Un monstruo serpentino con la cabeza de una "salamandra" aparece en la leyenda del gusano Lambton, una serpiente atrapada en el río Desgaste que cayó en un pozo. Bram Stoker usó esta leyenda en su cuento “La guarida del gusano blanco”

Un cuento alemán del siglo XIII habla de un lindworm que vivía cerca de Klagenfurt. Las inundaciones amenazaron a los viajeros a lo largo del río, por la presencia de un dragón, cuando en realidad era un gusano. Se creía que la piel de un lindworm aumentaba enormemente el conocimiento de la persona sobre la naturaleza y la medicina.
La creencia en la realidad de una serpiente gigante sin extremidades, persistió hasta el siglo XIX en algunos lugares. El folclorista sueco Gunnar Olof Hyltén-Cavallius recopiló a mediados del siglo XIX las historias de estas criaturas legendarias en Suecia.

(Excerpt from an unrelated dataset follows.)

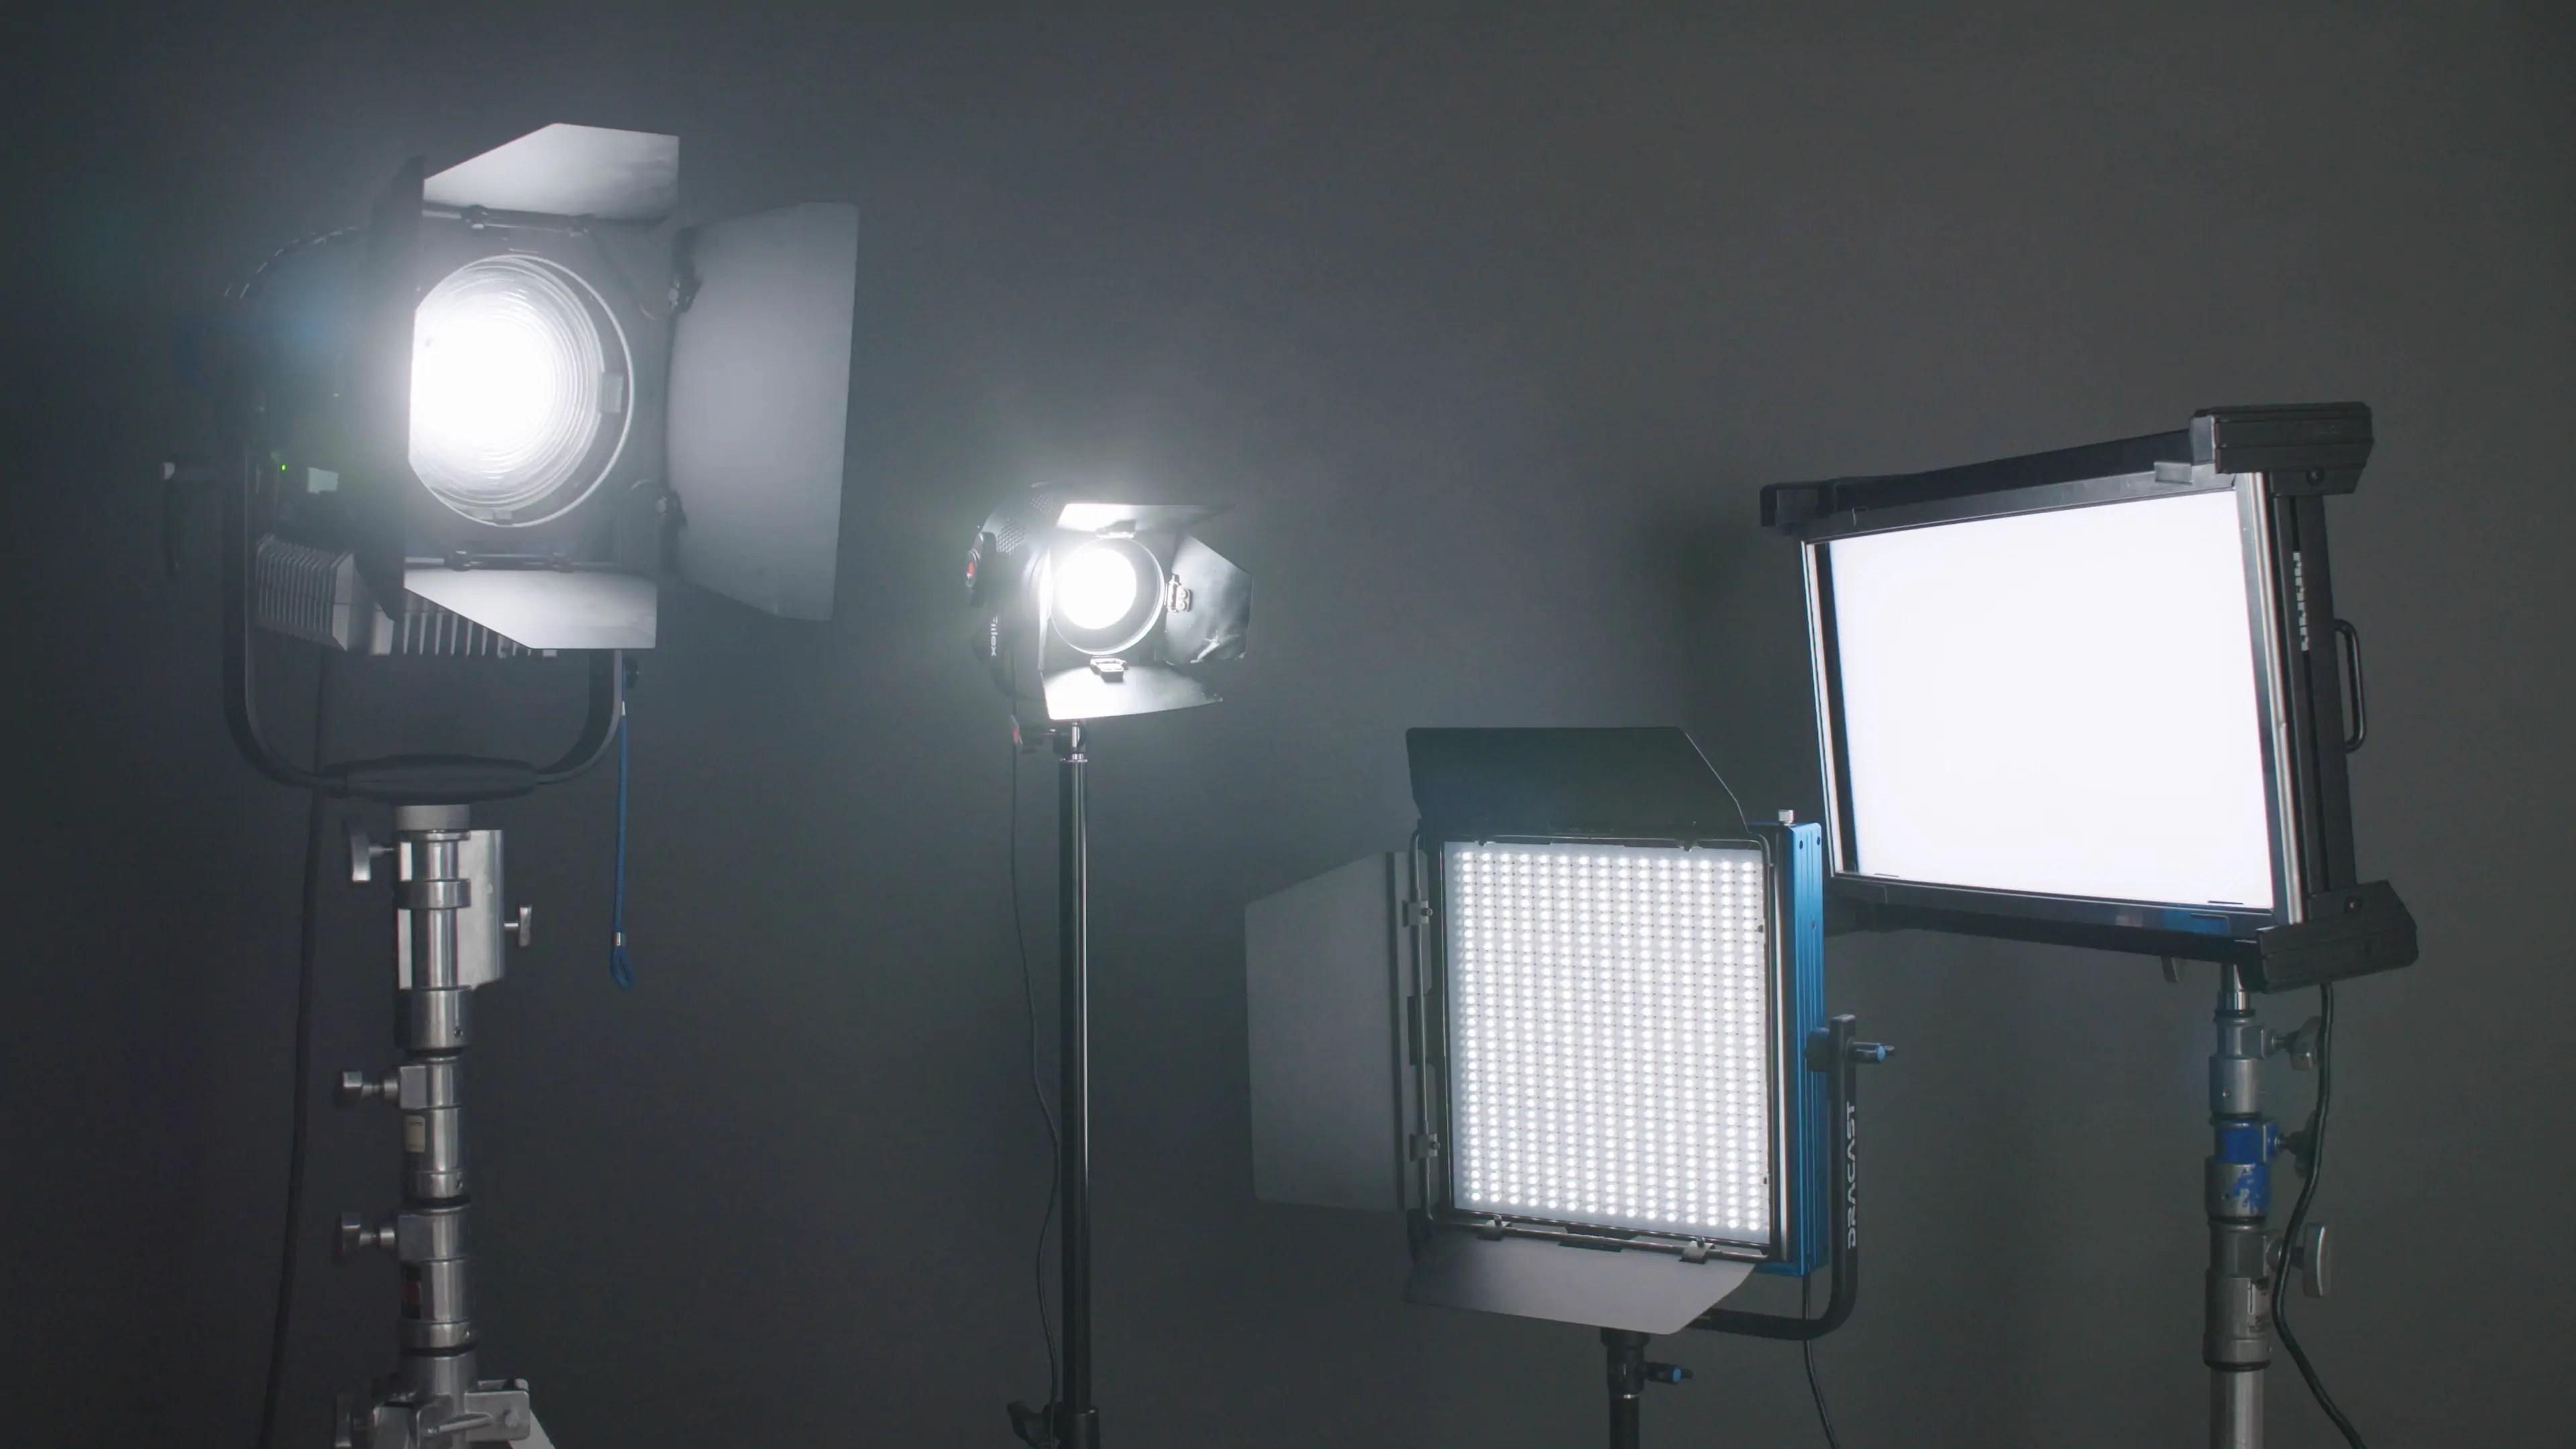 classic interview lighting setup

Fuente: https://en.wikipedia.org/wiki/Lindworm

7/11/18

Las Serpientes de Uluru

                                Grafismos en las cuevas se Uluru

Uluru es uno de los iconos naturales más famosos de Australia. Es una formación rocosa que tiene 600 millones de años y se eleva 348 m. sobre el terreno circundante y 863 m. sobre el nivel del mar, aunque la mayor parte se encuentra bajo tierra. El contorno del monolito mide 9,4 kms.

También llamado “el ombligo del mundo”, Uluru y su vecina formación rocosa Kata Tjuta a 25 Kms. tienen un profundo significado histórico y cultural para los anangu, habitantes originarios de la zona, para quienes este gran bloque de piedra representa el punto crucial en la intrincada red de rutas del Tjukurpa o Tiempo del Sueño (el principio de todo, la creación).

Kata Tjuta quiere decir “muchas cabezas”, que es una de las impresiones que causa este conjunto de cimas, cuya máxima altura es de 546 m.
La leyenda dice que allí arriba vivía Wanambi, la gran serpiente arco iris, que sólo descendía en la estación seca. Y partes de la montaña se identifican con los liru (hombres serpiente), malu (el hombre canguro) o los pungalunga (los caníbales gigantes).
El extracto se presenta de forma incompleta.